Our parameter estimates are \(\hat{\sigma}^2_P = 0.3652\), \(\hat{\sigma}^2_L = 0.1611\), and \(\hat{\sigma}^2_{\varepsilon} = 0.0067\). Thus, we conclude that plant-to-plant variation is roughly twice as large as lea\(F\)-to-leaf variation within plants, and that both of these are much larger than sample-to-sample variation within leaves.
It is possible to generate an ANOVA table for the random-effects model. We could define sums-of-squares for each of the model terms in the following way: \[\begin{eqnarray*} SS(Plant) & = & \sum_{i=1}^4 \sum_{j=1}^3 \sum_{k=1}^2 \left( \bar{y}_{i++} - \bar{y}_{+++} \right)^2 \\ SS(Leaf(Plant)) & = & \sum_{i=1}^4 \sum_{j=1}^3 \sum_{k=1}^2 \left( \bar{y}_{ij+} - \bar{y}_{i++} \right)^2 \\ SS(Error) & = & \sum_{i=1}^4 \sum_{j=1}^3 \sum_{k=1}^2 \left( \bar{y}_{ijk} - \bar{y}_{ij+} \right)^2 \\ \end{eqnarray*}\] Each sum-of-squares is associated with a certain number of df:
source | df |
---|---|
Plant | 3 (= 4 - 1) |
Leaf(Plant) | 8 (= 12 - 1- 3) |
Error | 12 (= 24 - 1- 3 - 8) |
Total | 23 |
Something different has happened here.

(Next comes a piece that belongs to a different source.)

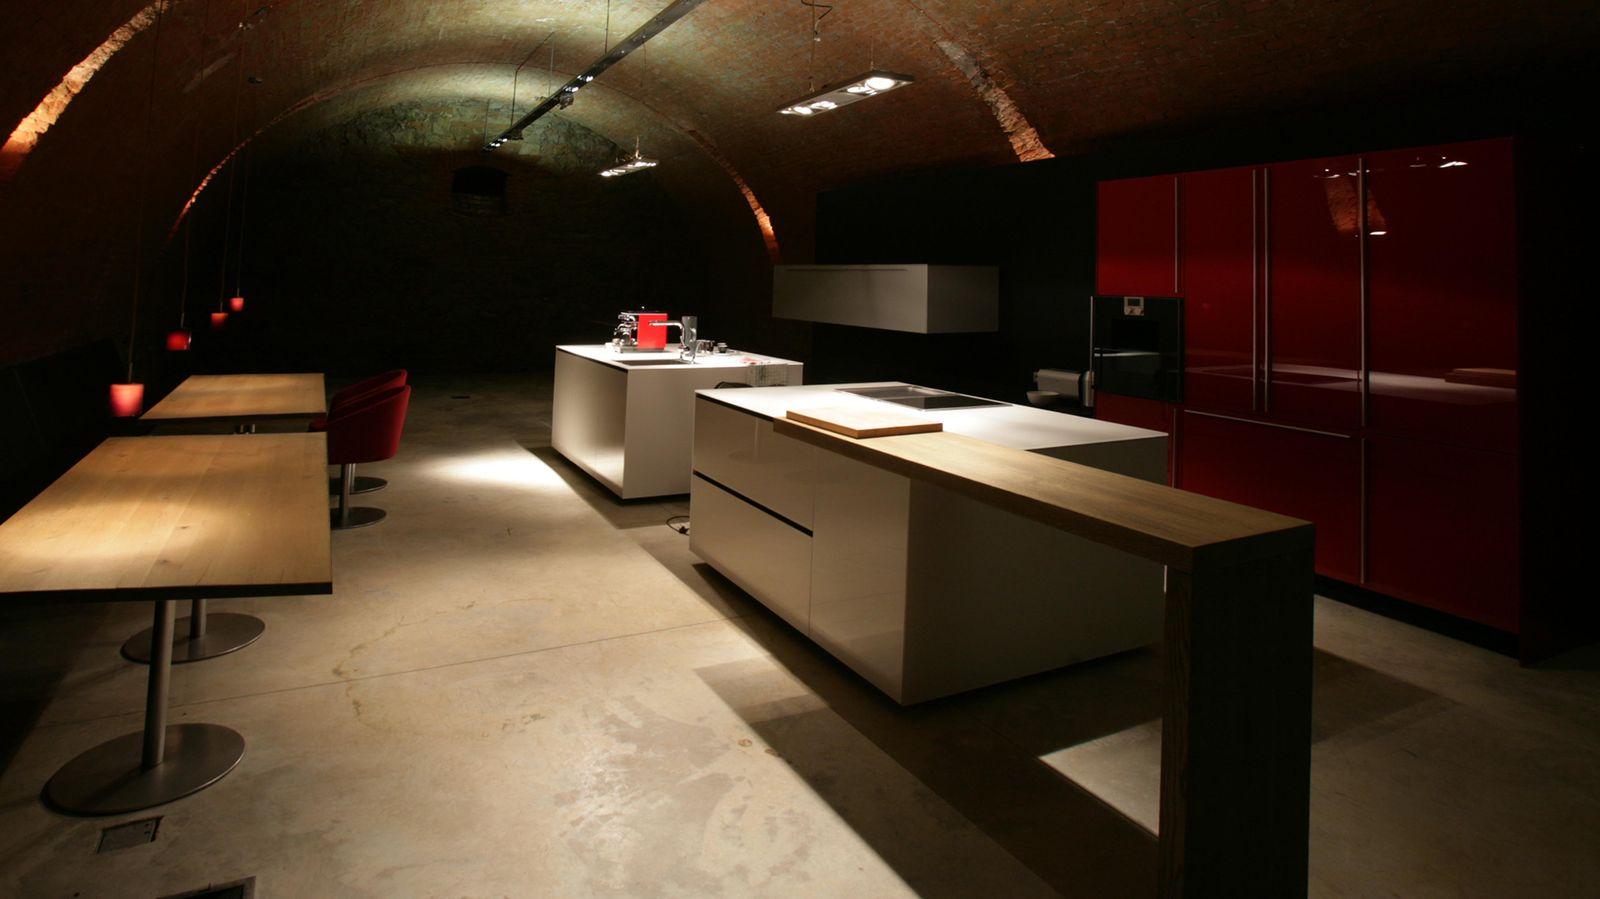 plan 3 kuchyně / Italský výrobce kuchyní Valcucine / Výstava kuchyní plan 3 kuchyně

Because leaf is nested within plant, we have to deduct the df for the SS(Plant)from the df for SS(Leaf(Plant)). This is the general rule for nested factors. If factor ‘B’ is nested in factor ‘A’, then the df for SS(A) are subtracted from the df for SS(B(A)). (In fact, this explains why we’ve been deducting df for factorial effects from the df for error all along. The replicates are always nested within the factorial treatments, even though we haven’t thought of it in this way until now.)
In models in which the residual error is the only random effect, we have learned that the estimate of that error, \(\hat{\sigma}^2_{\varepsilon}\), is just equal to the MSE. Does this mean that we can equate MS(Plant) and MS(Leaf(Plant)) with \(\hat{\sigma}^2_P\) and \(\hat{\sigma}^2_L\), respectively? Unfortunately, in this case life isn’t that simple. As it turns out, there is a relationship between each of the mean squares and each of the variance components, but it’s complicated. One way to generate an ANOVA and learn about this relationship in SAS is to use the METHOD = TYPE3 option in PROC MIXED:
proc mixed data = turnip method = type3;
class Plant Leaf;
model y = ;
random Plant Leaf(Plant);
run;
Type 3 Analysis of Variance
Sum of
Source DF Squares Mean Square Expected Mean Square
Plant 3 7.560346 2.520115 Var(Residual) + 2 Var(Leaf(Plant))
+ 6 Var(Plant)
Leaf(Plant) 8 2.630200 0.328775 Var(Residual) + 2 Var(Leaf(Plant))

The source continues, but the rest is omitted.